■ **THE INPUT**
----

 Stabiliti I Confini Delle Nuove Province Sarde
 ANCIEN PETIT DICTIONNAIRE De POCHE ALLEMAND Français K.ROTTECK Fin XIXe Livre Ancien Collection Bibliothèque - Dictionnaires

----

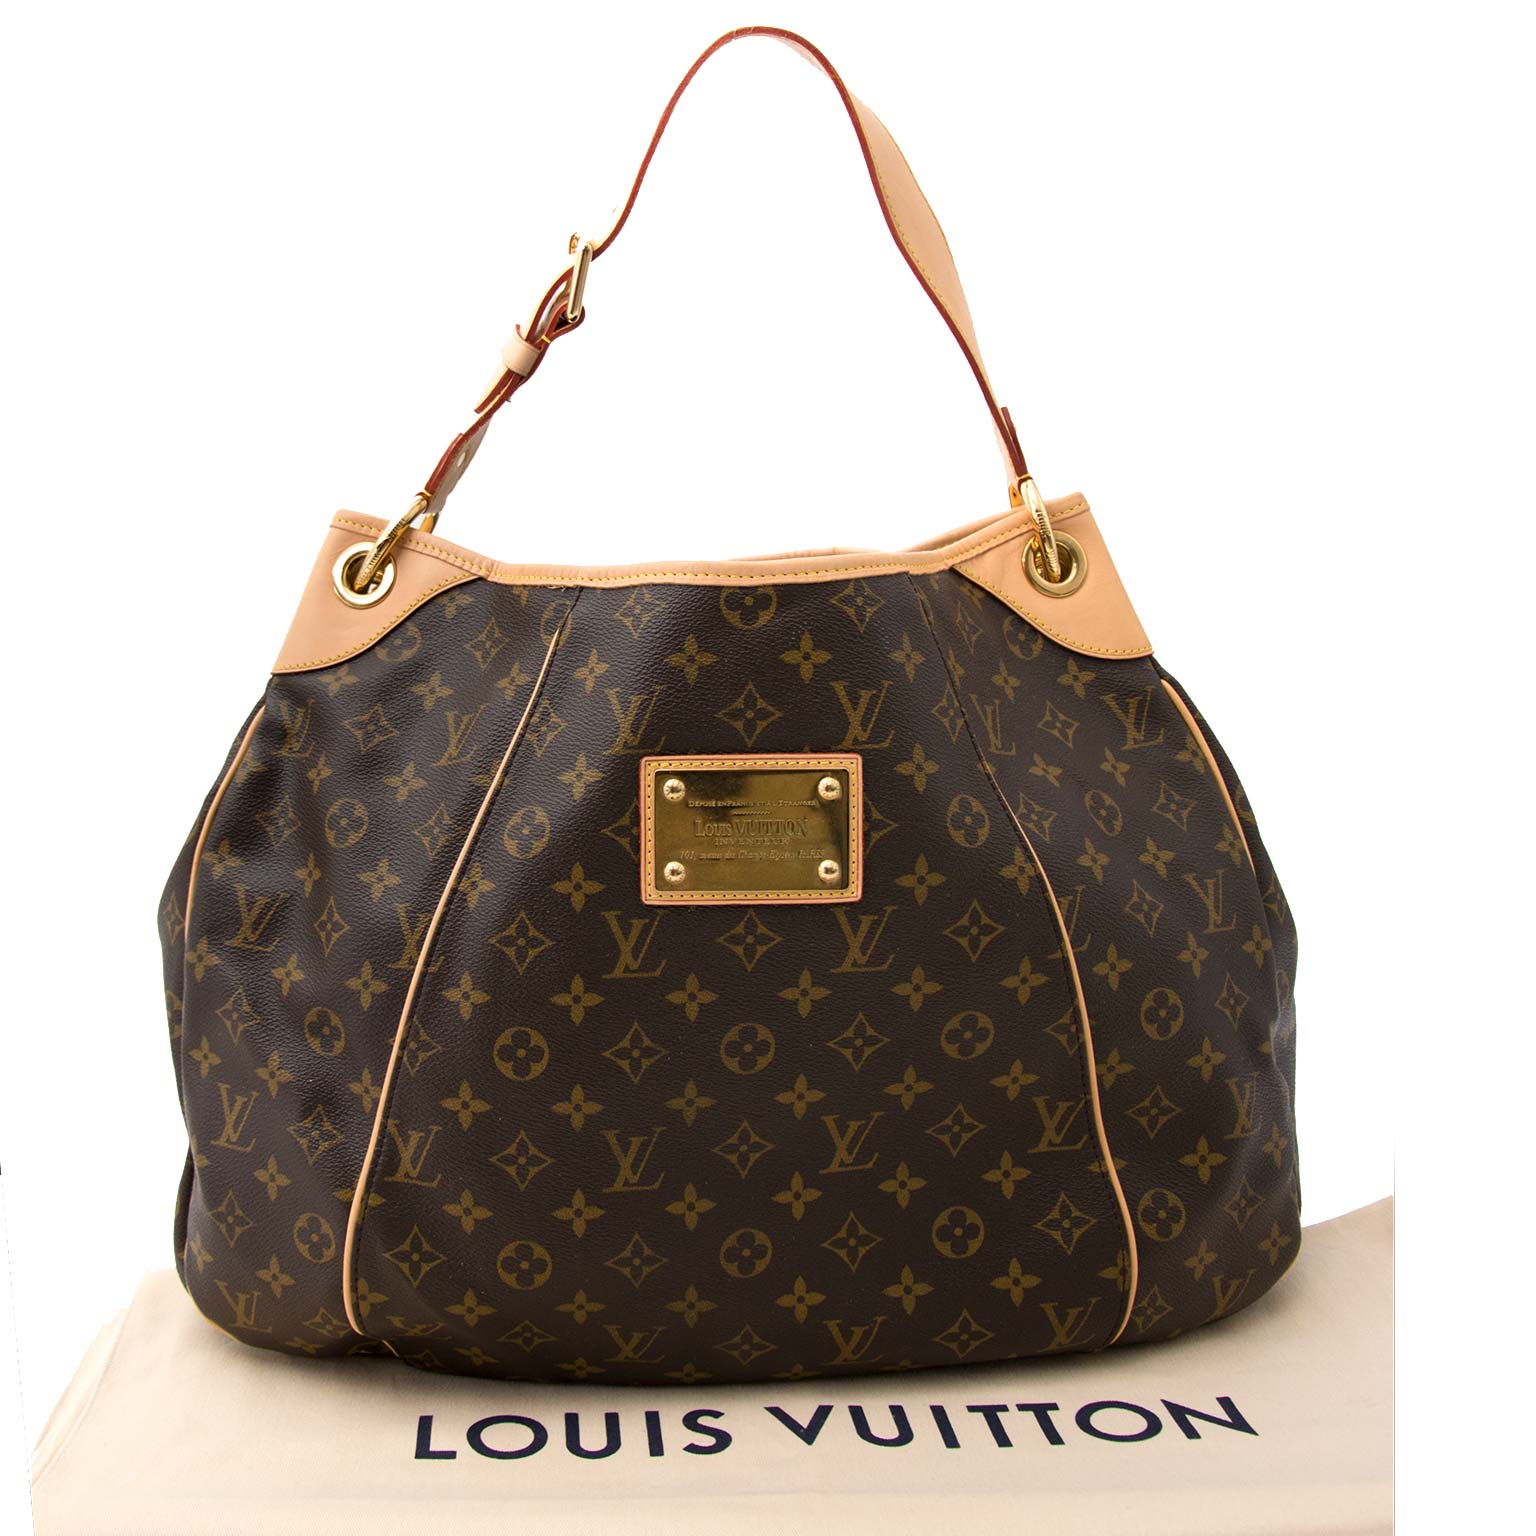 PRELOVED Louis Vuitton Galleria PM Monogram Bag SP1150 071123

----

■ **EXERCISE DESCRIPTION**
One stretch of the lines above is wanted, from the line that contains "Stabiliti I Confini" through the line that contains "ANCIEN PETIT DICTIONNAIRE". Output it exactly.

■ **SOLUTION TO THE PROBLEM**
 Stabiliti I Confini Delle Nuove Province Sarde
 ANCIEN PETIT DICTIONNAIRE De POCHE ALLEMAND Français K.ROTTECK Fin XIXe Livre Ancien Collection Bibliothèque - Dictionnaires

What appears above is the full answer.